I think it is probably the snob-factor. Plus, some people want a watch with a higher monetary bar to entry, especially with this design. In other words, if its price were in the 5-figure range, it might be more popular! 


Sent from my iPhone using Tapatalk


----------



## CaliMex (Jan 12, 2018)

OP, I am in the same boat as you. I almost bought one for my wife. It is priced quite well I believe. 


Sent from my iPhone using Tapatalk


----------



## Fisi (Nov 15, 2017)

Update!

I ended up buying the watch, after noticing that it has disappeared off the Longines website.

I'm getting married in November, and had been looking for a gold dress watch to mark the occasion.

After many months of fairly obsessive research (I'm sure I'm in good company here), I'd narrowed it down either to this or a Lange 1815 in rose gold, which has long been my favorite watch.

It's likely to be an expensive time coming up for me, with relocation and a career change, and not to mention a few Rolexes on the way over the next 6-12 months, so I decided to do the sensible thing and keep the Lange as a grail for now. On the Longines, I negotiated an approximately 19% discount. I'm positive at least 20% was available, but we settled on a round number as I was short on time, having traveled one of the (very) few ADs that had one in stock.

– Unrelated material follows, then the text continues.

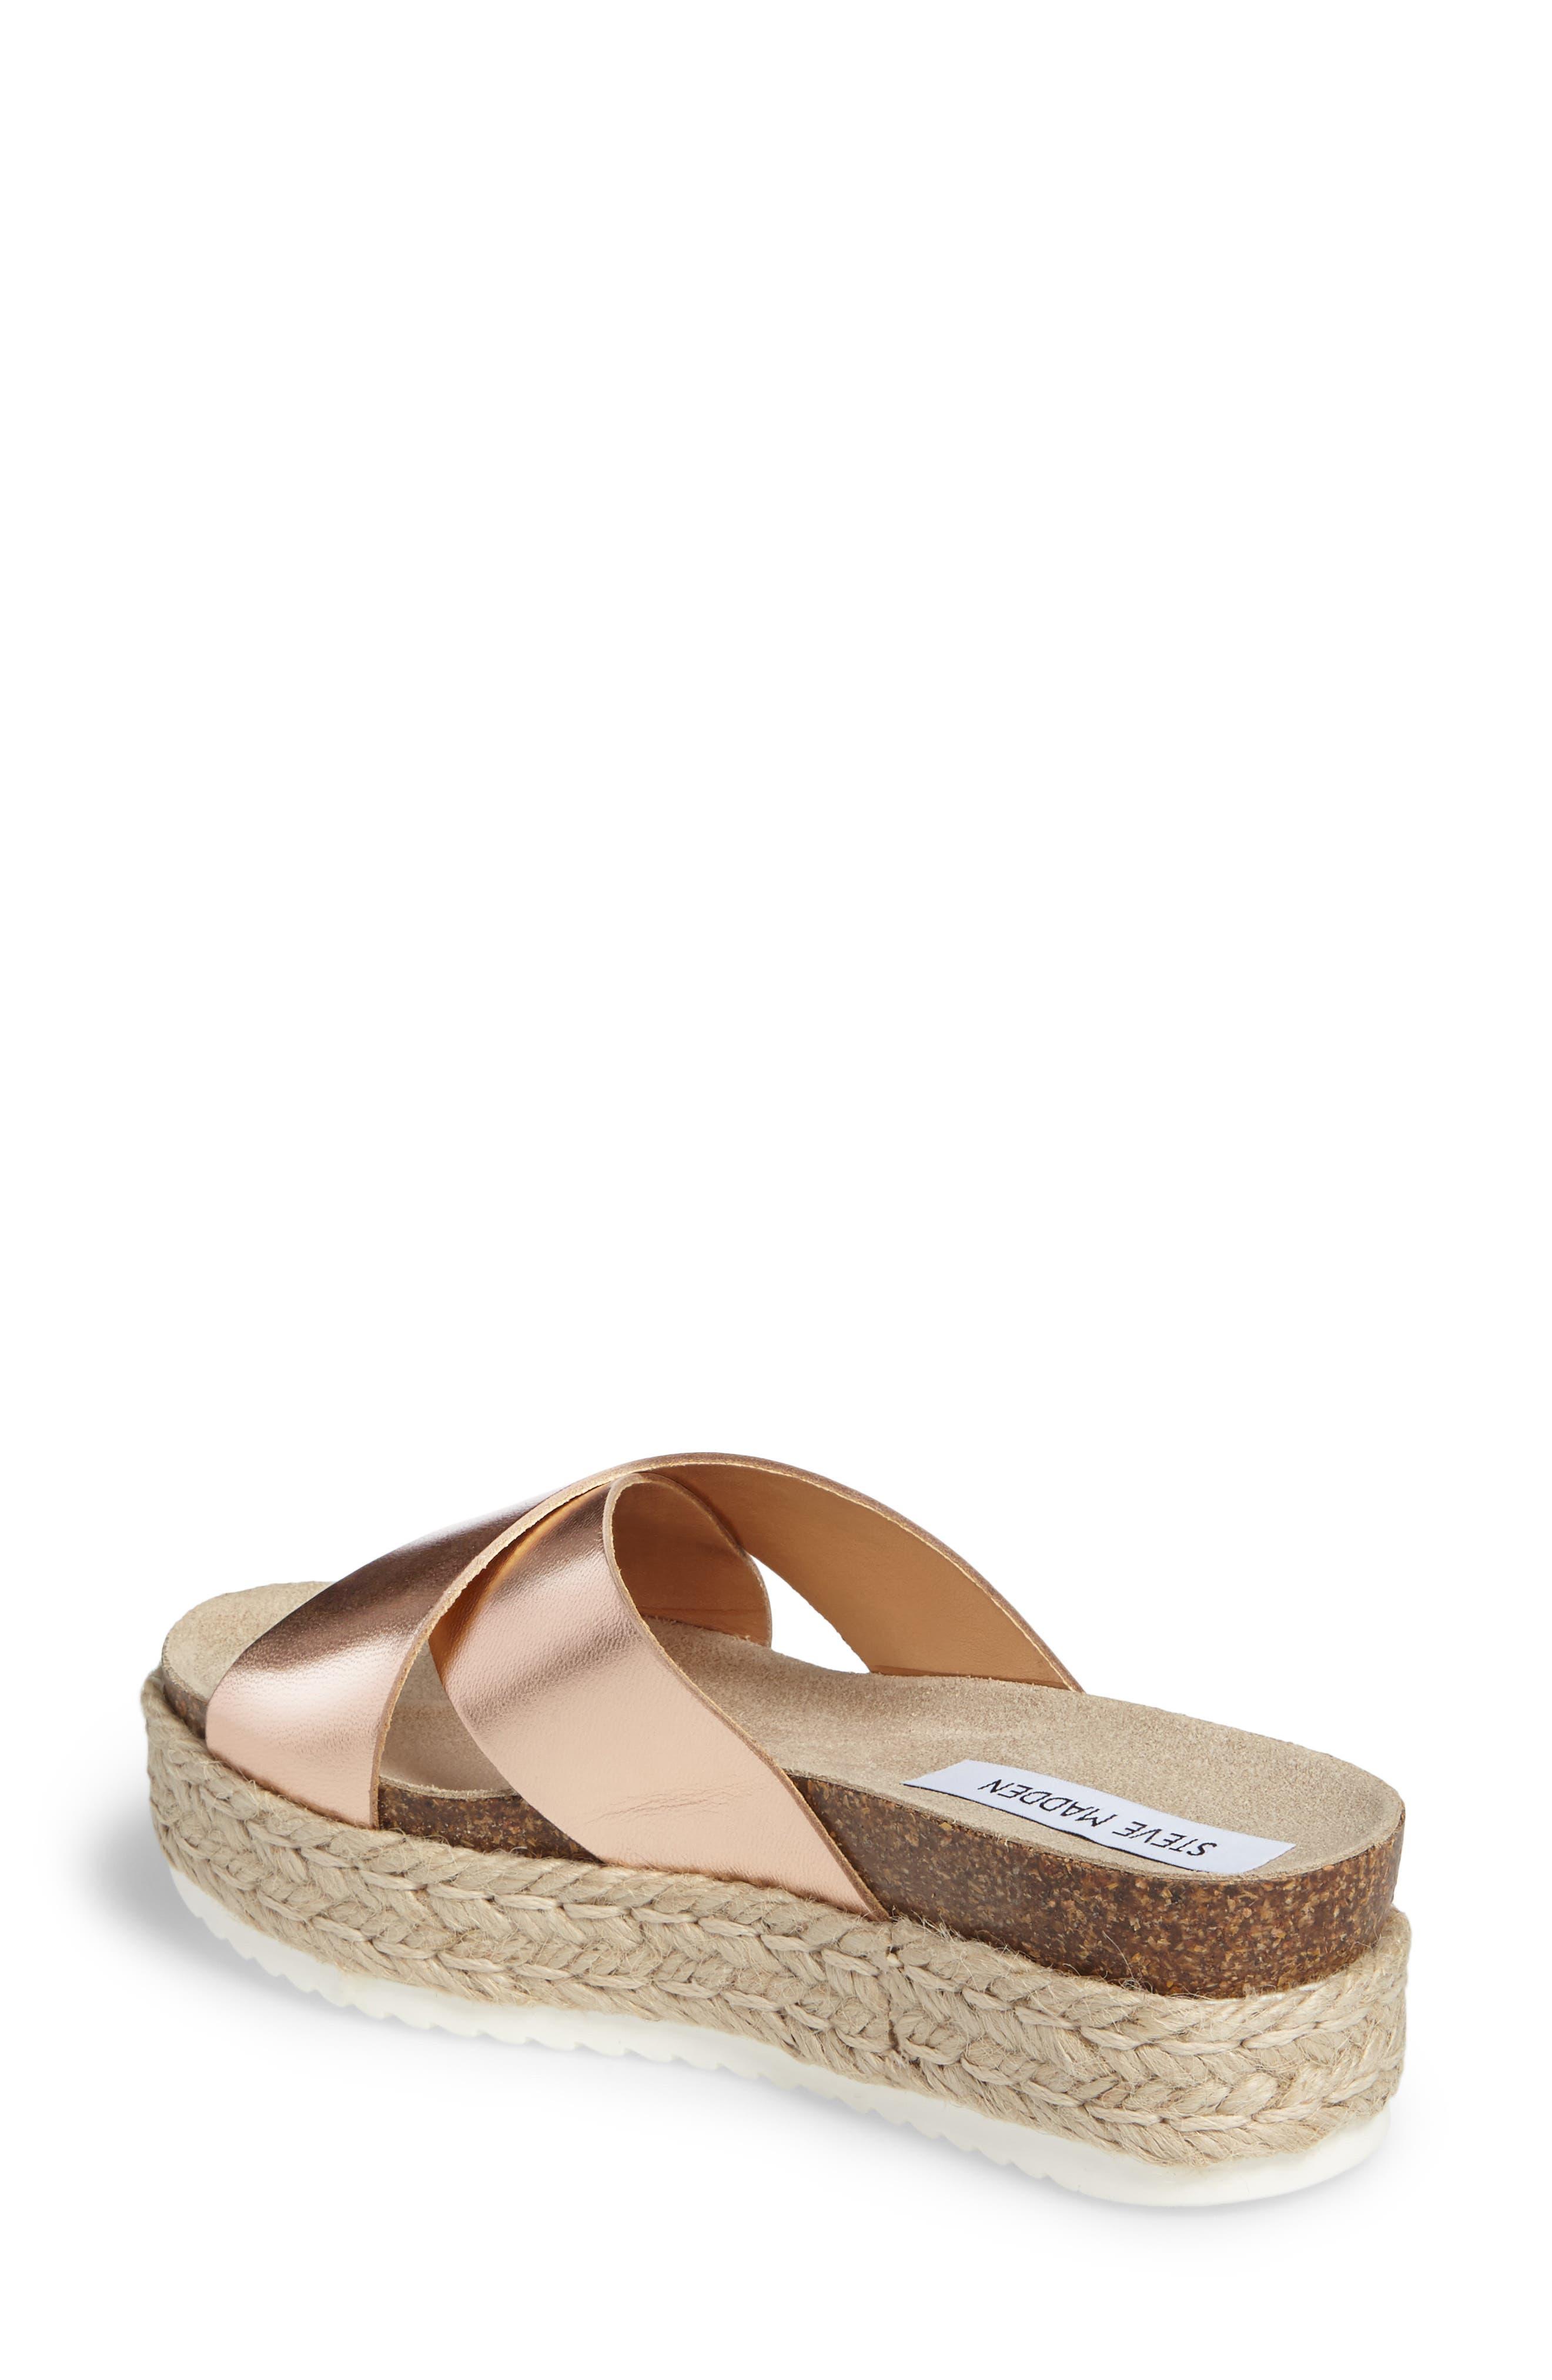 Alternate Image 2  - Steve Madden 'Arran' Espadrille Platform Sandal (Women)

Pretty delighted with this thing. Apologies that there are only a couple of pics (taken by phone, and no pic of the movement), but I've put it to one side until November now. I'd be happy to take dslr pics and do a full video review once I start wearing it. I think it's important that there's at least some consumer-end documentation of these (apparently) unpopular and now discontinued pieces before they disappear into total obscurity.

Anyway, the pics. In person the depth and richness of the gold and the blued hands is pretty stunning. 6.5 inch wrist.


----------



## CaliMex (Jan 12, 2018)

Nice! Thanks for posting some photos. Congrats on your upcoming nuptials. 


Sent from my iPhone using Tapatalk


----------



## rfortson (Feb 18, 2012)

Thanks for this post and the pictures. That is a nice looking watch. Congrats on your upcoming wedding and on the new watch.

Sent from my SM-G960U using Tapatalk


----------



## Marc3110 (12 mo ago)

Fisi said:


> Update!
> 
> I ended up buying the watch, after noticing that it has disappeared off the Longines website.
> 
> ...


Hello !

After some years, can you tell us if you are happy about this watch ? Can you make a quick review please  ?
Thanks !


----------



## NC_Hager626 (Sep 20, 2018)

Marc3110 said:


> Hello !
> 
> After some years, can you tell us if you are happy about this watch ? Can you make a quick review please  ?
> Thanks !


Good luck in receiving a reply. The last time Fsi was seen was on the 2 Nov 18.


----------